Hello, this is my first post.... I've searched the forum but I haven't really come across the right info and was hoping to get some details here.

I'm in the process of building a 90g aquarium and I would like the front doors to be flush. I think drawer slides will work well and help maintain the inner cabinet space.

My only problem is the the thickness of the slides. Would routing the inside of the doors to compensate for the thickness be wise? 

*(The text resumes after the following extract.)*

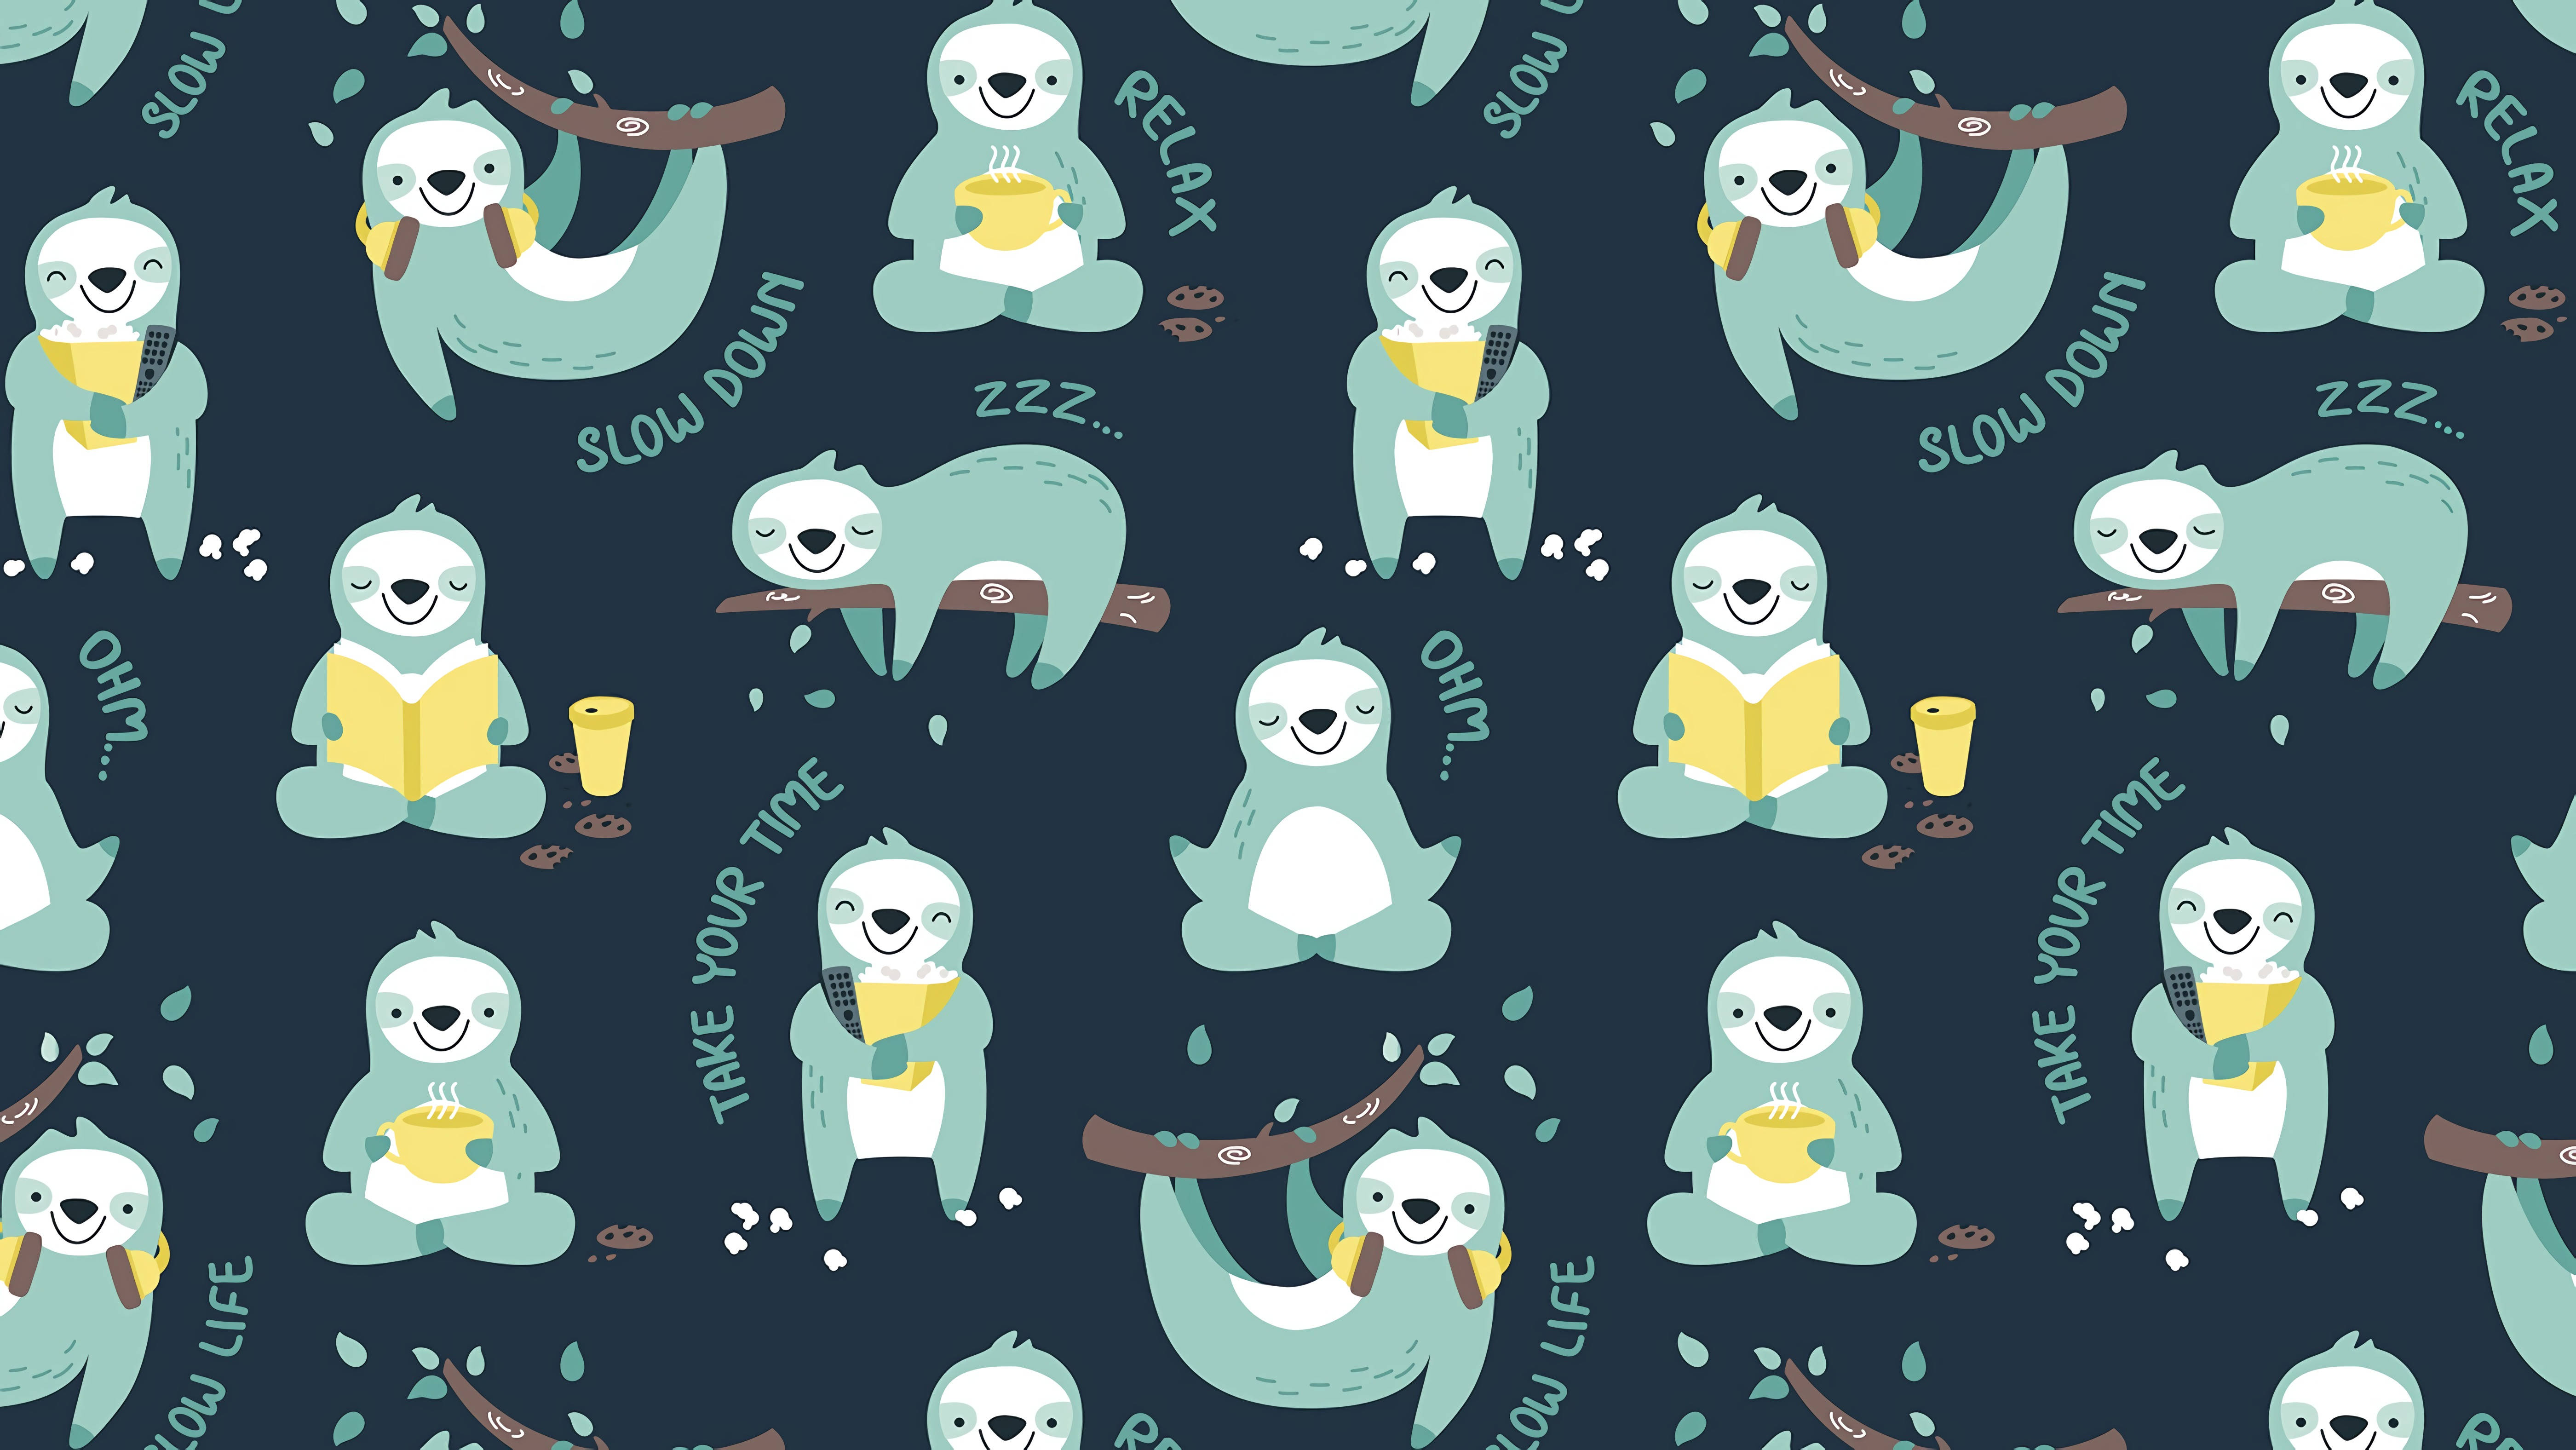 Humorous Sloth Poster Background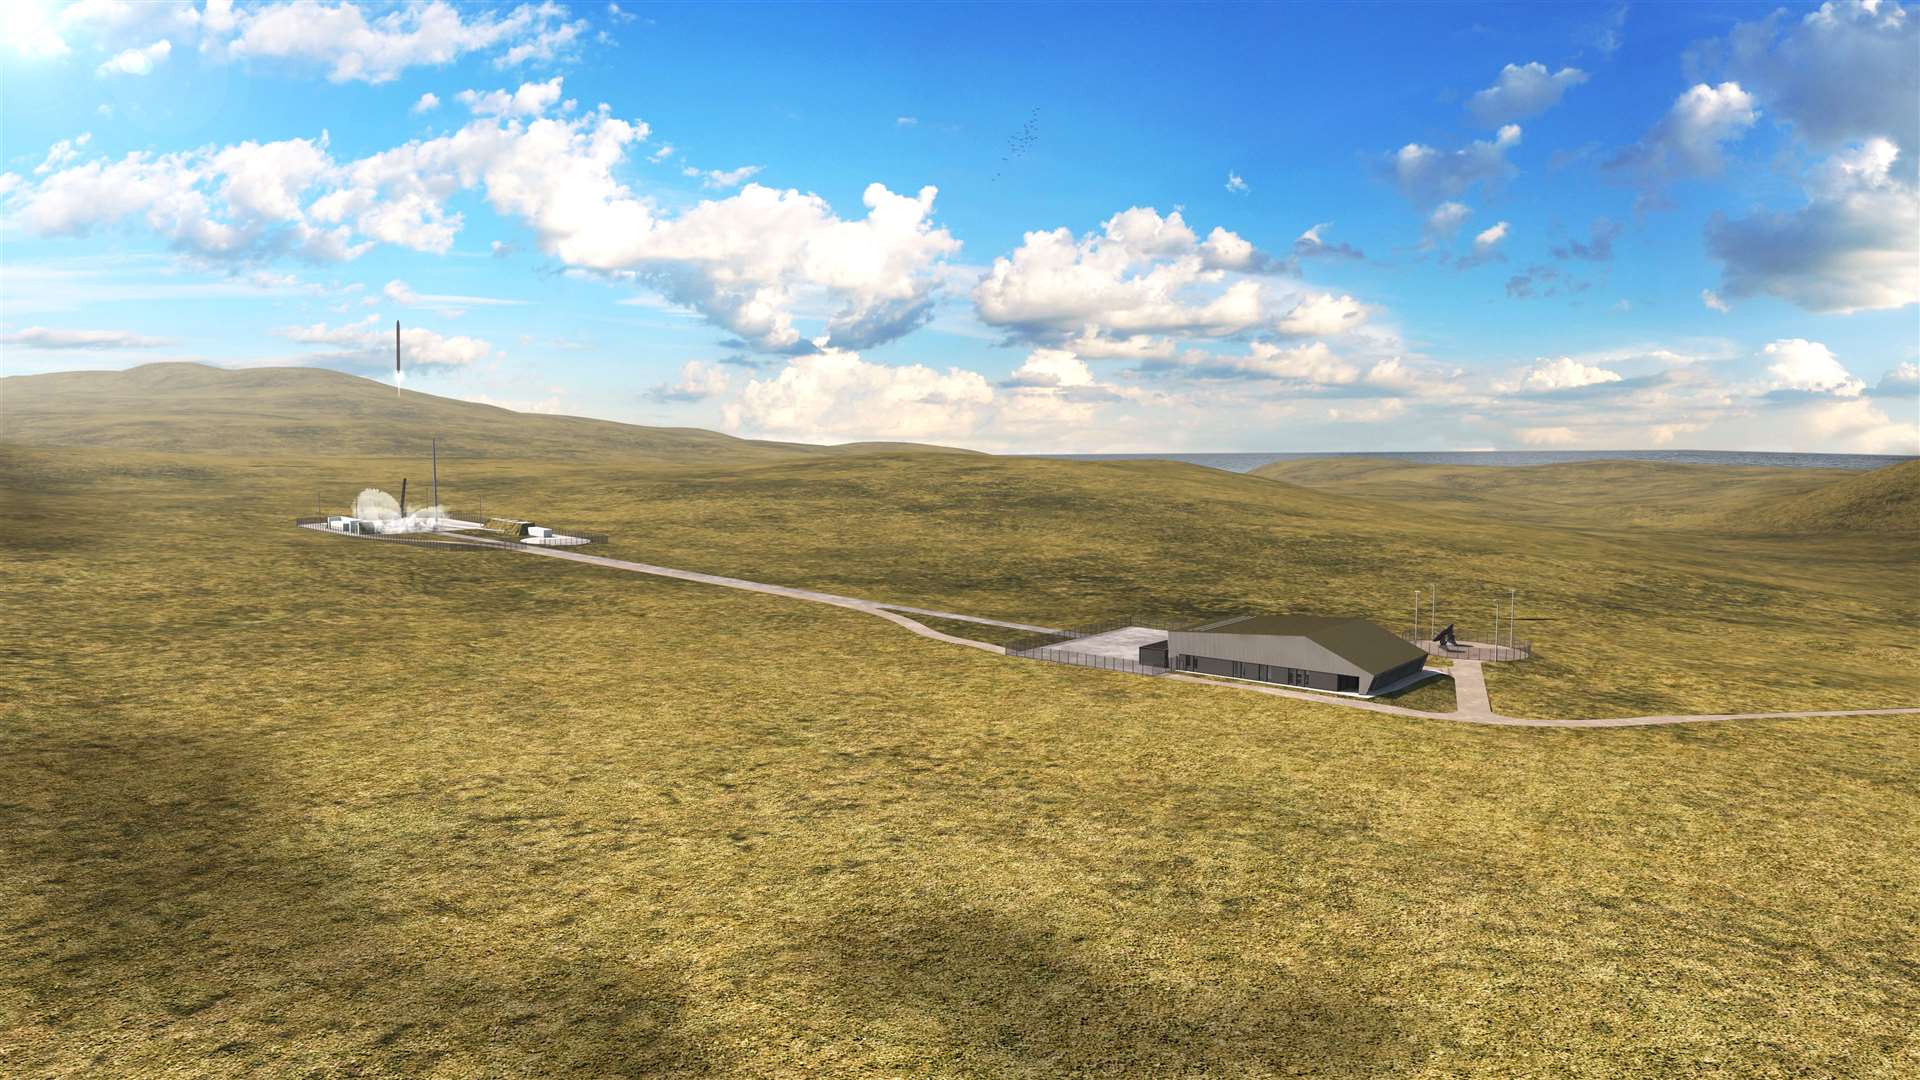 The Space Hub planned for Sutherland will bring wider opportunities to the north of Scotland.

I was also considering offsetting the top/front beam to compensate... but I don't want to sacrifice stability just to hide a 1/2" gap....

anyone have any thoughts?

Thanks


EDIT:
Blue - Plywood
Green - Pine
Brown - 2x4s
Grey - Drawer Slides

















Something like this is what I was thinking. Full extension/Ball Bearing. 
28 inches long x 1.75 inches wide x 0.5 inches thick


----------



## cabinetman (Jul 5, 2007)

Drawer slides would not IMO, be a choice for a sliding door. There are many choices for sliding door hardware to fit your needs.





















.


----------



## smartwater101 (Sep 2, 2013)

cabinetman said:


> Drawer slides would not IMO, be a choice for a sliding door. There are many choices for sliding door hardware to fit your needs.​




Any Examples? I cant seem to find hardware other than typical ones that need the doors to be inset. I also would like the doors to open fully and not have to overlap like typical sliding doors. I just don't know what any of the hardware is called. 

Thanks​


----------



## cabinetman (Jul 5, 2007)

smartwater101 said:


> Any Examples? I cant seem to find hardware other than typical ones that need the doors to be inset. I also would like the doors to open fully and not have to overlap like typical sliding doors. I just don't know what any of the hardware is called.
> 
> Thanks


For any non inset sliding door, a control track would have to be ahead of the cabinet to not look inset. There are several types that use mortised rollers/sheaves to ride on a narrow track...here is one. KV has a sheave that gets mortised in the bottom edge of a door. In any case, there has to be an upper and lower control factor. You could though use a trolley type roller assembly that can be used with just the top roller assembly.


















.


----------



## 4DThinker (Mar 13, 2013)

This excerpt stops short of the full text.